Edgar se puso de pie y se acercó al muchacho.

—No digas eso.

—¡Es cierto! —gritó Samuel.

Edgar le dio una bofetada.

El golpe fue más duro de lo que calculó y la sangre empezó a fluir de la nariz.

Samuel lloriqueó.

Una ira sorda creció en el pecho de Edgar, que lo golpeó de nuevo con el puño cerrado.

—Nunca me hables así otra vez —dijo, y salió de la caseta.

Samuel lo siguió con docilidad mientras se cubría las orejas.

Esa noche durmieron en un granero en las afueras. Por la mañana, Edgar se despertó y descubrió que estaba solo. Su chaqueta y su cuaderno de notas habían desaparecido. Mientras corría a lo largo del camino, pensaba en lo que Samuel podría haber hecho con sus notas, destruirlas o algo todavía peor, seguir desarrollándolas, falsificarlas y publicarlas bajo otro nombre.

Corrió en la oscuridad a lo largo del camino, a través de un bosquecillo, resbaló sobre una piedra bajo la media luz y se lastimó las manos. Llegó a una pequeña iglesia inclinada por el viento, en la cima de una colina.

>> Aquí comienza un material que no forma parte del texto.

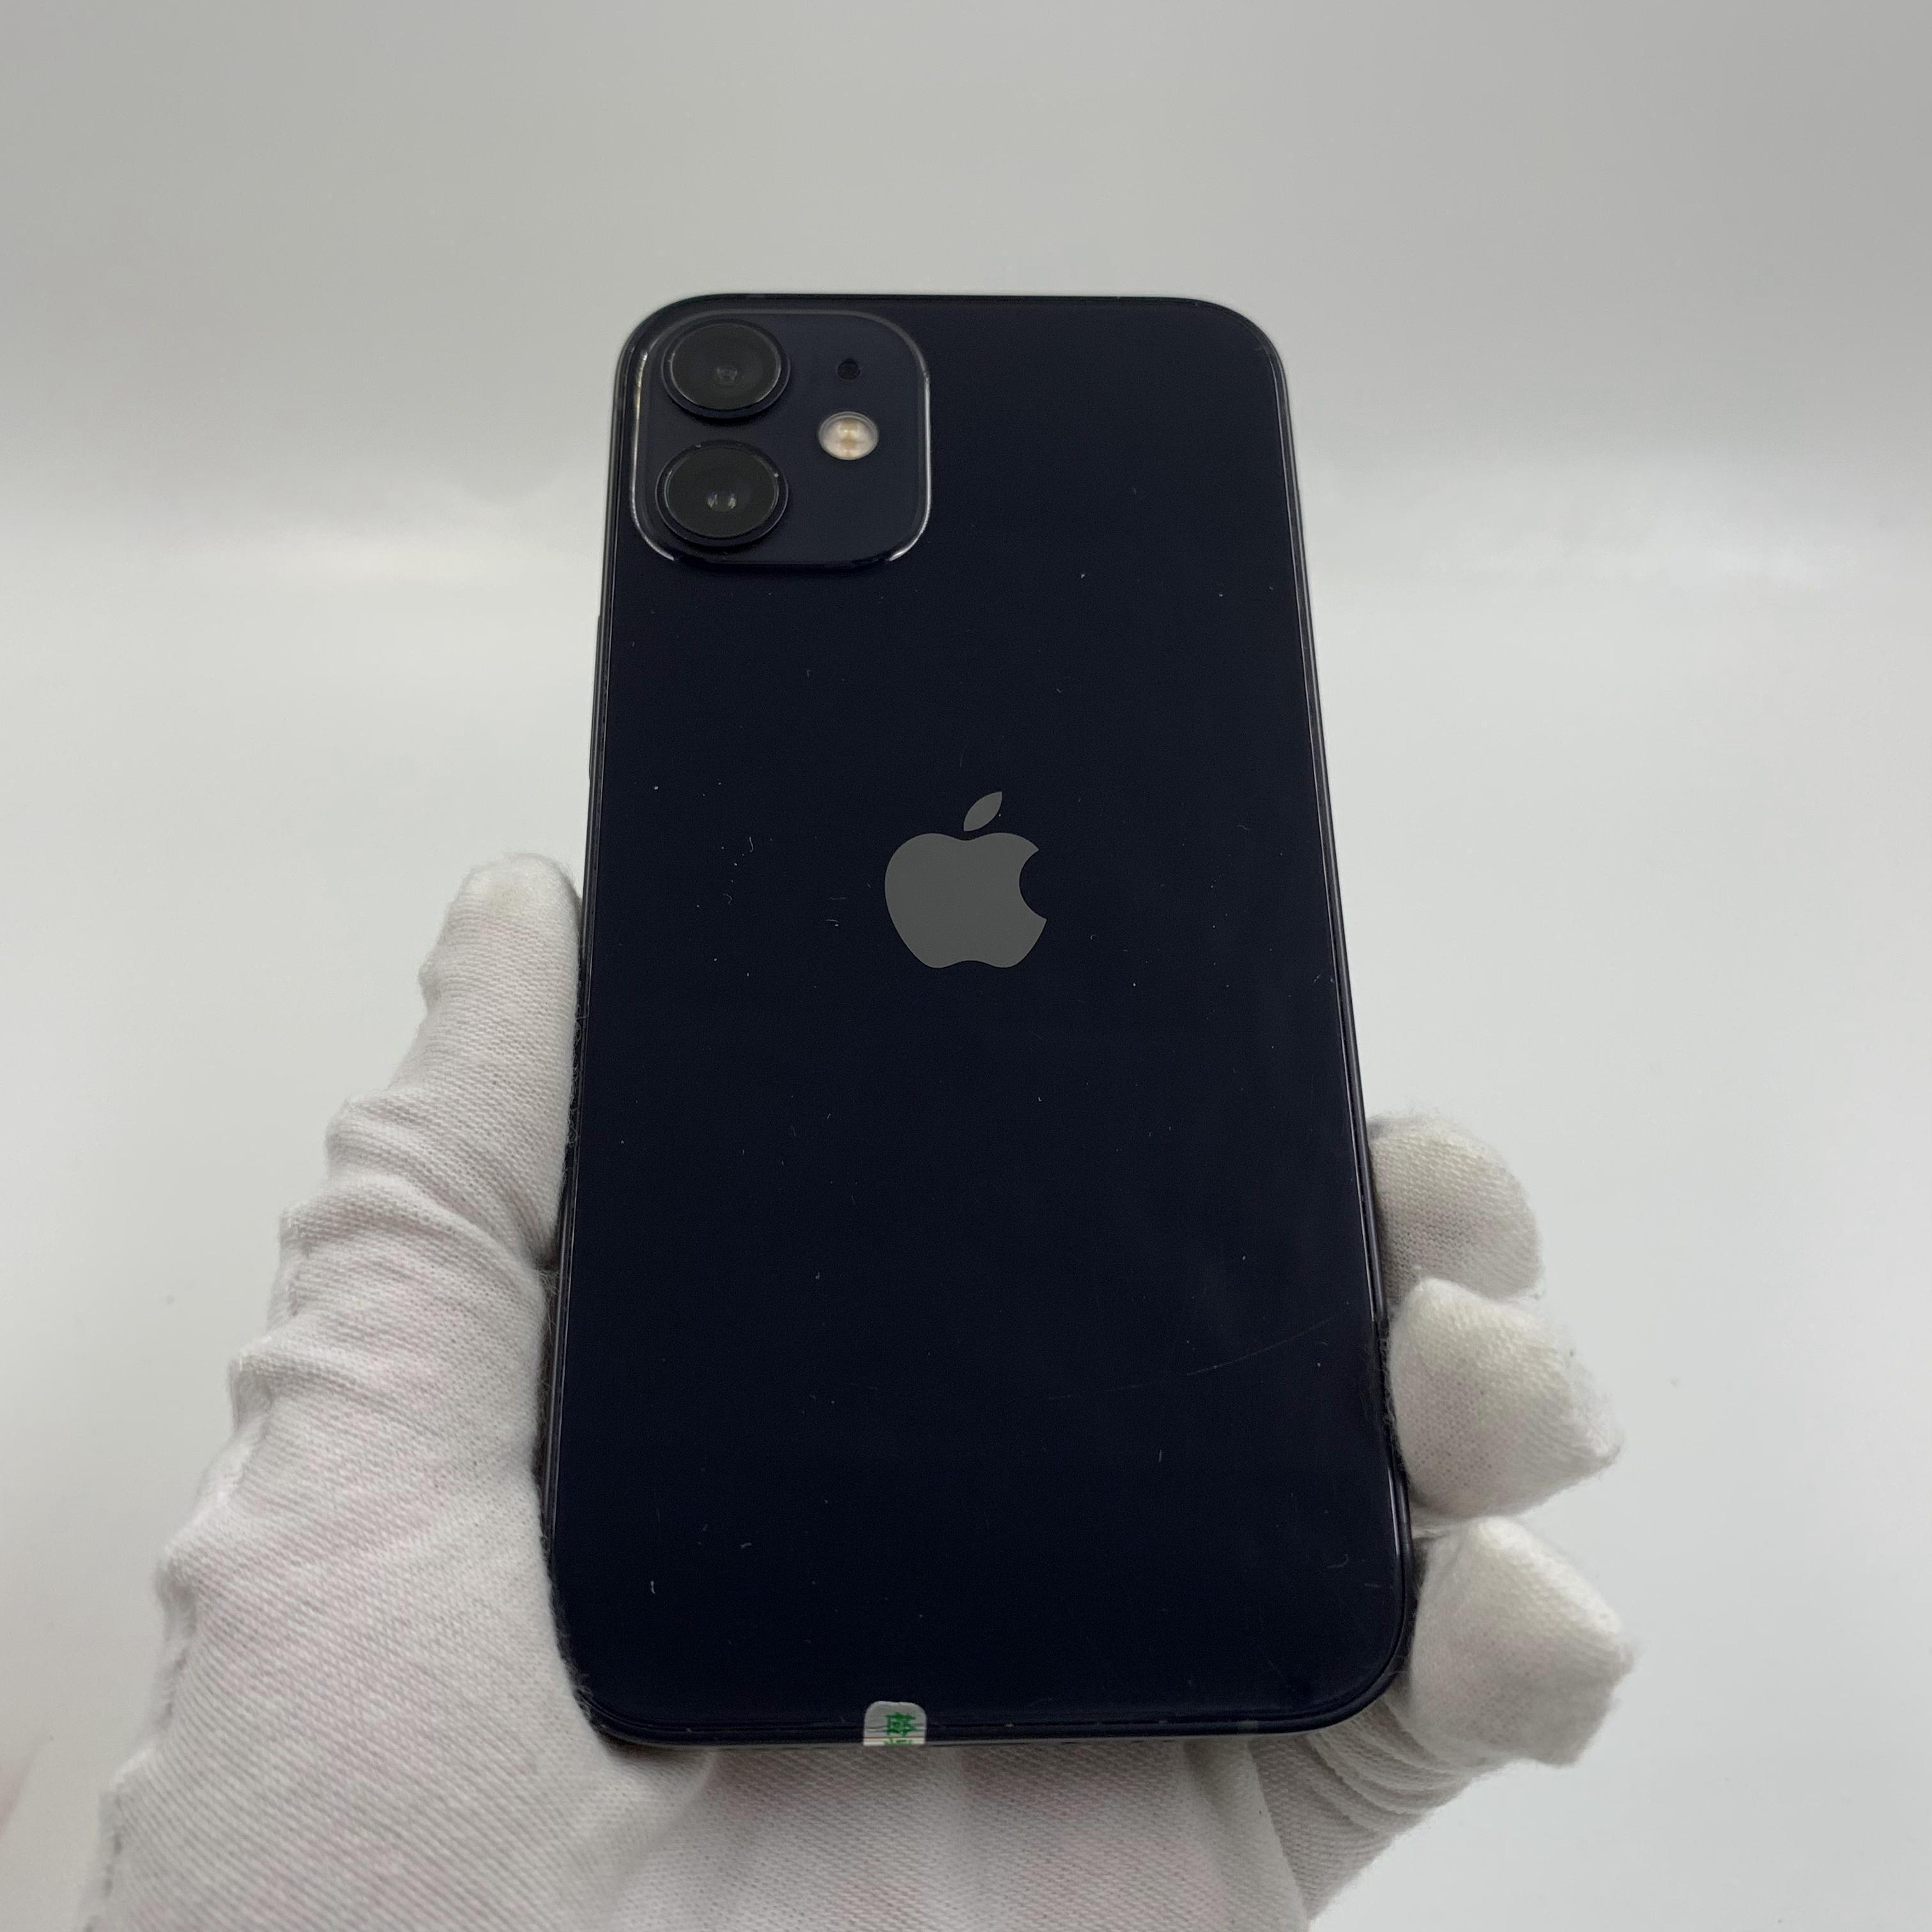 苹果【iPhone 12 mini】5G全网通 黑色 256G 国行 9成新 真机实拍保修2021-12-09

Saltó la tapia del cementerio y se perdió entre las tumbas.

Sus ojos se posaron sobre algo que se movía al lado de una tumba recién cavada. Sin hacer ruido, se acercó al bulto entre los sepulcros y lo tocó con su pie cuidadosamente. La cosa se movió con un temblor curiosamente retrasado. Edgar arrancó una cruz de madera del suelo, se inclinó sobre el bulto y comenzó a golpearlo. Desde debajo de la chaqueta oyó que Samuel gritaba.

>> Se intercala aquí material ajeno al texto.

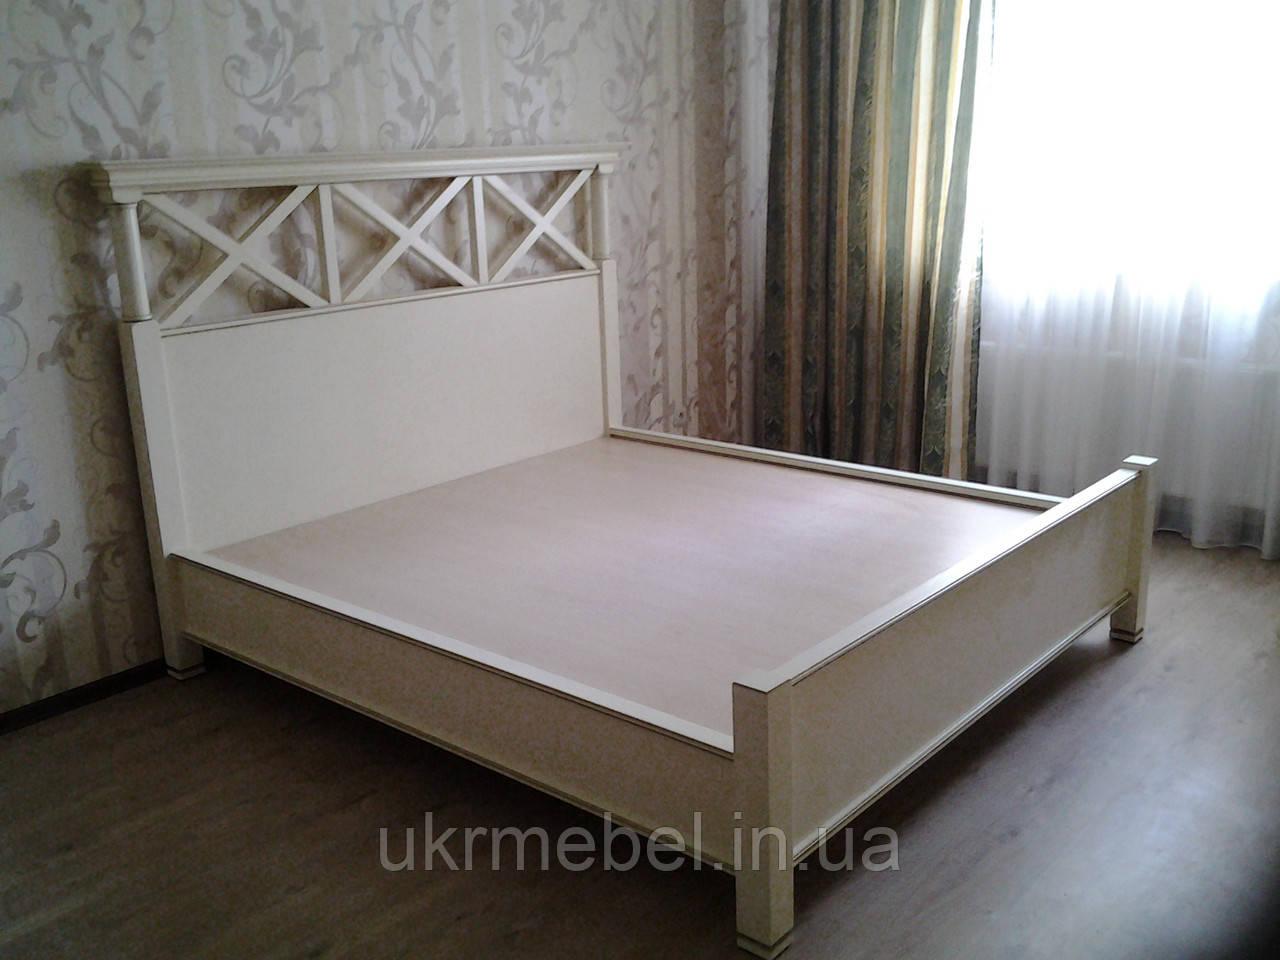 Кровати из дерева. Деревянные кровати под заказ

—Maldito ladrón —dijo, y clavó de nuevo la cruz en el suelo.

Levantó la chaqueta sobre la cabeza de Samuel y encontró su cuaderno en el bolsillo. A la débil luz de la iglesia vio la cara sangrante de Samuel. El muchacho intentó decir algo, pero tenía la boca empastada en sangre.

—No me dejes —gimió.

Edgar no dijo nada.

Mientras se alejaba camino abajo, oyó los gritos desgarradores de su pequeño «amigo», pero el ruido ya no le importaba.

Después de esa noche no volvió a ver a Samuel. Imaginaba que la vida del muchacho había terminado esa noche en las afueras de Baltimore y pensaba que ya no existía, que estaba muerto y enterrado y que no volvería a aparecérsele.

Ese verano se enroló en el Ejército bajo el nombre de Edgar A. Perry. Poco después lo trasladaron a la sección de artillería de Fort Independence, en el puerto de Boston.

Regresó a Richmond cinco años más tarde para trabajar con Thomas Willis White, en el
Southern Literary Messenger
. Sus padres adoptivos habían muerto y no podía dejar de pensar en la ciudad como en un cementerio de hechos y recuerdos que ya nada significaban para él. De alguna forma eso era una ventaja; ahora podía comenzar de nuevo en Richmond, como si nunca antes hubiese puesto los pies en el lugar.

Trabajar en una revista literaria era justamente lo que deseaba. Trabajaba todo el día para la oficina de White, escribía críticas e historias cortas y aprendía el estilo belicoso de la revista. Era impaciente y trabajador, y casi no precisaba dormir. Durante la noche escribía su propia poesía y sus novelas. A veces se dormía escribiendo, y al cabo de un rato se despertaba con las mejillas manchadas con la tinta de sus hojas.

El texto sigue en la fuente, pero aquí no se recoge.